» WORK INSTRUCTION
Some entries follow. Reproduce exactly the lines starting at the one with "Rolled Curb meeting flyer" and stopping after the one with "Two gloved hands".

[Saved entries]

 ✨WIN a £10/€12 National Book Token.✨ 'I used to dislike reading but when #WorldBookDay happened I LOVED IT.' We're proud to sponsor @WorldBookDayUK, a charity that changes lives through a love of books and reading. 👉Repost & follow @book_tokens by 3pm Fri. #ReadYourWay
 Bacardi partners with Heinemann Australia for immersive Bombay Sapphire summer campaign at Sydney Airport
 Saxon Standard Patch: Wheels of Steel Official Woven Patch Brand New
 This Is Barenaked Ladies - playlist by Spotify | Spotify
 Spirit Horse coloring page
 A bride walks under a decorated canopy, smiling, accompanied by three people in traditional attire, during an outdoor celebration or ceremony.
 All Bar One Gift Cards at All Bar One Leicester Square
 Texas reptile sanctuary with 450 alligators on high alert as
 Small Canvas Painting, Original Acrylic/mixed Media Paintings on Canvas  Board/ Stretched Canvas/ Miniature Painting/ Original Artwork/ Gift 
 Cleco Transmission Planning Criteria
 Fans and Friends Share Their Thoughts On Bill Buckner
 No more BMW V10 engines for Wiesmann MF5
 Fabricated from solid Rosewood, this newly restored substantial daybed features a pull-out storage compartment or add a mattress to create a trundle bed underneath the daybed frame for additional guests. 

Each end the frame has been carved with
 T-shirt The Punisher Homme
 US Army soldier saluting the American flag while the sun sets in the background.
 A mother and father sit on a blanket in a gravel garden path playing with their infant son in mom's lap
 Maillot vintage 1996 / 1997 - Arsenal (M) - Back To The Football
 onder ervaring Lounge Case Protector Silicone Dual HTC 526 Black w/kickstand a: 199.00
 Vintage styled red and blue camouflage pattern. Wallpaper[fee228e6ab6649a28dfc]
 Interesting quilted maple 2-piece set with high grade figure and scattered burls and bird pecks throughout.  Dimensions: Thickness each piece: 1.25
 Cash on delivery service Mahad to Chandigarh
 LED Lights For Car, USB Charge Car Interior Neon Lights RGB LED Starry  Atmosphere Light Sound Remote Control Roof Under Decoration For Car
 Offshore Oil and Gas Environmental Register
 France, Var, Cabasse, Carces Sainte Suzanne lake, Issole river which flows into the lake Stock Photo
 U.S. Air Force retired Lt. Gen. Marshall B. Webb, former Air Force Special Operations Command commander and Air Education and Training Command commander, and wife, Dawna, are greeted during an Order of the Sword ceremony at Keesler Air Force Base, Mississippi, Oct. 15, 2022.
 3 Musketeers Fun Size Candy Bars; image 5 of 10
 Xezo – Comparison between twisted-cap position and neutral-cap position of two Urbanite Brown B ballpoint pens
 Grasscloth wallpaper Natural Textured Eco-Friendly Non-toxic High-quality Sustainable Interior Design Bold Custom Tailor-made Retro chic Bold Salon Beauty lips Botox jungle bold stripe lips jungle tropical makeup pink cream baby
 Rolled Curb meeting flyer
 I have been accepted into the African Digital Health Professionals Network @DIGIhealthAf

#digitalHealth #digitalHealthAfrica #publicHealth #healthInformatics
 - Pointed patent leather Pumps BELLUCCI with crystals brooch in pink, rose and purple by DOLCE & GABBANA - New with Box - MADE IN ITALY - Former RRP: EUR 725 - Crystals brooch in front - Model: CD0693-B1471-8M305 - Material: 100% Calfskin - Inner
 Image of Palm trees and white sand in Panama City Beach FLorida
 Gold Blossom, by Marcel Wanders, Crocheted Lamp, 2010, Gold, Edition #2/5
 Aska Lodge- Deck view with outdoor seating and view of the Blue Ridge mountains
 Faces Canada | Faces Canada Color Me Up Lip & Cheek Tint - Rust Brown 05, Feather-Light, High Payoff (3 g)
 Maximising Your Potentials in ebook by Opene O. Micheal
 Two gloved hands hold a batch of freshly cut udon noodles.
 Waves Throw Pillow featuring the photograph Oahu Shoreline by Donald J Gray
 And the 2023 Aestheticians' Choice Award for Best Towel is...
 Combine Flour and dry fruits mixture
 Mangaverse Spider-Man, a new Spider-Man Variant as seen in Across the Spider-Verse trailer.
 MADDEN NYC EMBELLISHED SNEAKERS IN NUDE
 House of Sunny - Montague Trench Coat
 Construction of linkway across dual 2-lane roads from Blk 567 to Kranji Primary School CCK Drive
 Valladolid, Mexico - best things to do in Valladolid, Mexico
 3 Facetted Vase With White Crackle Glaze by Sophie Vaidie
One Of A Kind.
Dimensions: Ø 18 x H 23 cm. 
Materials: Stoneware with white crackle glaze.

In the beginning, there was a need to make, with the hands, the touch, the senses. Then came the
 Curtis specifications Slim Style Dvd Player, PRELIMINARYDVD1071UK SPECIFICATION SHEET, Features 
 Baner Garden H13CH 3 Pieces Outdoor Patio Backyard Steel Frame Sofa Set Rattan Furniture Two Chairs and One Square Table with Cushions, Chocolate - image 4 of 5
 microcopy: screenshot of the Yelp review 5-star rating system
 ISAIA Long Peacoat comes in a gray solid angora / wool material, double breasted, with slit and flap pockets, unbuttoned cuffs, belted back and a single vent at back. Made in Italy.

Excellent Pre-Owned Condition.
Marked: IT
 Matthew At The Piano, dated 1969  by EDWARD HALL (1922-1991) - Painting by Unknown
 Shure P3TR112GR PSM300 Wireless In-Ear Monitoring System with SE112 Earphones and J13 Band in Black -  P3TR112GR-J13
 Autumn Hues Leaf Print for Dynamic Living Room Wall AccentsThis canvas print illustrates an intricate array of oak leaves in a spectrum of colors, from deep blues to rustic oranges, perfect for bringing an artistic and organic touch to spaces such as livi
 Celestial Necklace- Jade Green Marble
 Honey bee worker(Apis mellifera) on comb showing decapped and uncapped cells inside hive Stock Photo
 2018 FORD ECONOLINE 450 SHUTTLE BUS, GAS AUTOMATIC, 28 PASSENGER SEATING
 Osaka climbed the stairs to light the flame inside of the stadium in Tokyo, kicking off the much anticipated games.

» EXERCISE RESPONSE
 Rolled Curb meeting flyer
 I have been accepted into the African Digital Health Professionals Network @DIGIhealthAf

#digitalHealth #digitalHealthAfrica #publicHealth #healthInformatics
 - Pointed patent leather Pumps BELLUCCI with crystals brooch in pink, rose and purple by DOLCE & GABBANA - New with Box - MADE IN ITALY - Former RRP: EUR 725 - Crystals brooch in front - Model: CD0693-B1471-8M305 - Material: 100% Calfskin - Inner
 Image of Palm trees and white sand in Panama City Beach FLorida
 Gold Blossom, by Marcel Wanders, Crocheted Lamp, 2010, Gold, Edition #2/5
 Aska Lodge- Deck view with outdoor seating and view of the Blue Ridge mountains
 Faces Canada | Faces Canada Color Me Up Lip & Cheek Tint - Rust Brown 05, Feather-Light, High Payoff (3 g)
 Maximising Your Potentials in ebook by Opene O. Micheal
 Two gloved hands hold a batch of freshly cut udon noodles.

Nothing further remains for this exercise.